The Chicago Teachers Union blasted a final contract offer put forth by the Chicago Public Schools and Mayor Lori Lightfoot on Friday, describing the proposal as "half-baked" and "wholly deficient."
Following Friday's negotiations, the two sides didn't appear to be any closer to avoiding a strike on Oct. 17.
“Their actions today are designed to force a strike, by refusing to put an offer forward that represents progress for students or respects teachers and clinicians," CTU President Jesse Sharkey said on Friday.
The CTU and CPS have been at odds over several key issues including class sizes, teacher pay and adding additional resource staff.
CPS officials released a press release on Friday, outlining several changes included in the proposed contract, including dropping a proposal on teacher preparation time and offering additional support for overcrowded classrooms.

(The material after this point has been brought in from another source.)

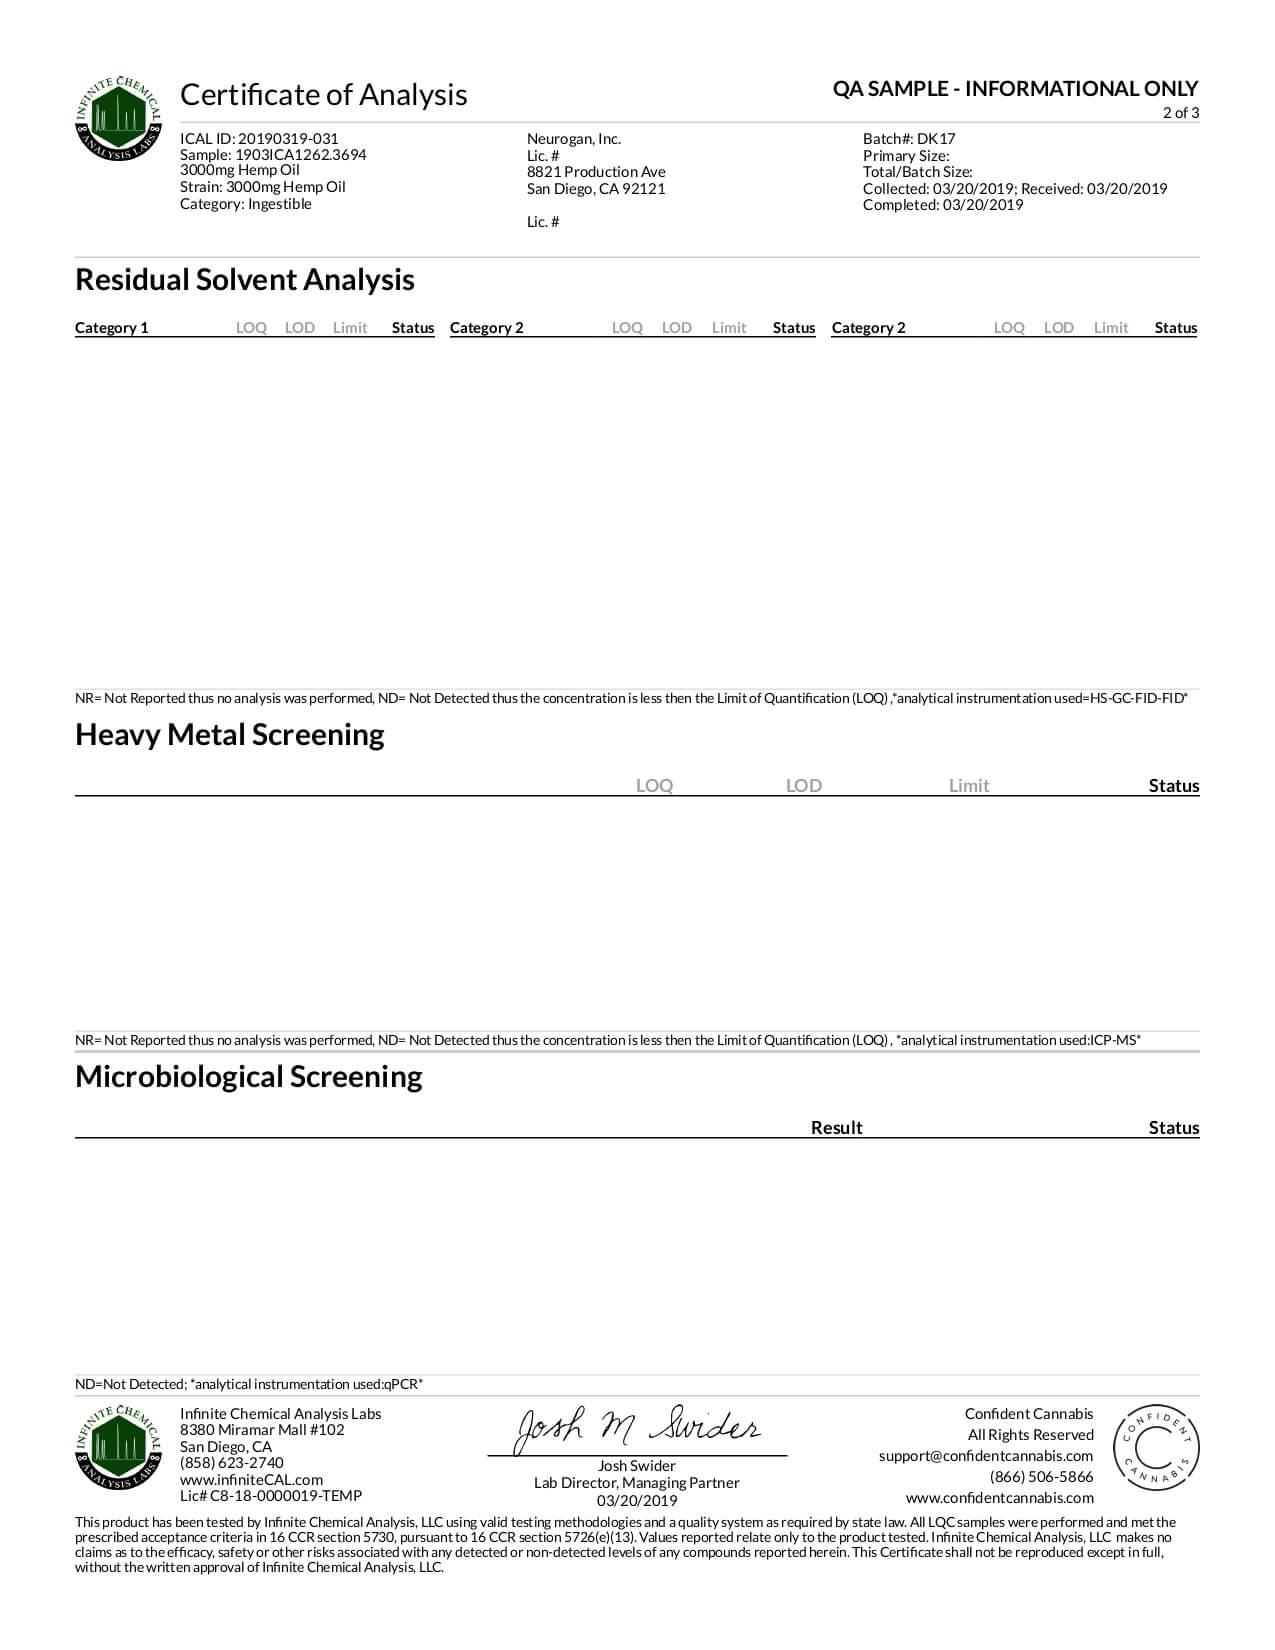 Neurogan, Inc. CBD Oil Spray Full Spectrum Citrus 3000mg Lab Report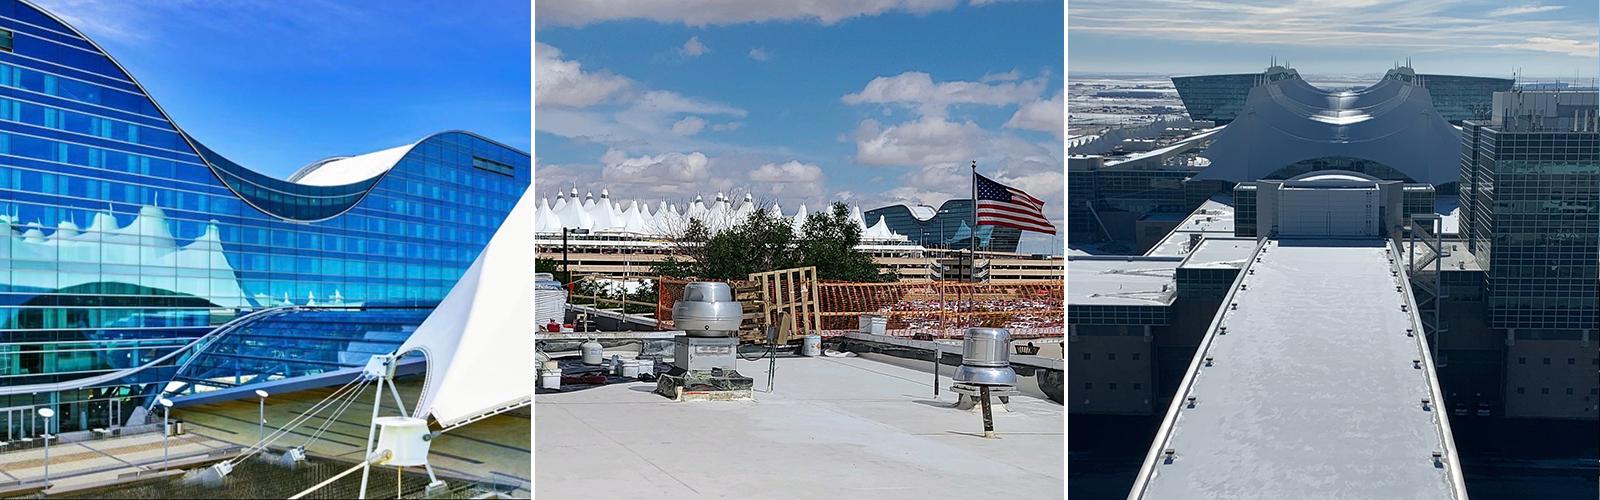 denver airport roof installation

The CTU insisted the district hadn't allocated adequate funding to address overcrowding, saying the $1 million offered by CPS would be barely enough money to hire two dozen teacher assistants and teachers.
When it comes to hiring additional nurses, social workers and case managers, the school district dedicated $400,000, which the union pointed out is a "fraction of a hundredth of a percent" of the district's budget.
As for teacher pay, CPS' contract offer would put the average teacher salary at nearly $100,000 within five years.
Union members contended the school district's wage offer would "still leave the majority of teaching assistants and school clerks mired in poverty in year five of the contract."
The school district has repeatedly criticized the CTU for not providing a written counteroffer in more than 140 days.
Mayor Lori Lightfoot and CPS CEO Dr. Janice Jackson said in a joint statement that they "stand ready to continue to bargain all weekend."
"...However, CTU must respond with a comprehensive counteroffer in order for the parties to make meaningful progress," the statement read. "Our students, teachers and families deserve no less."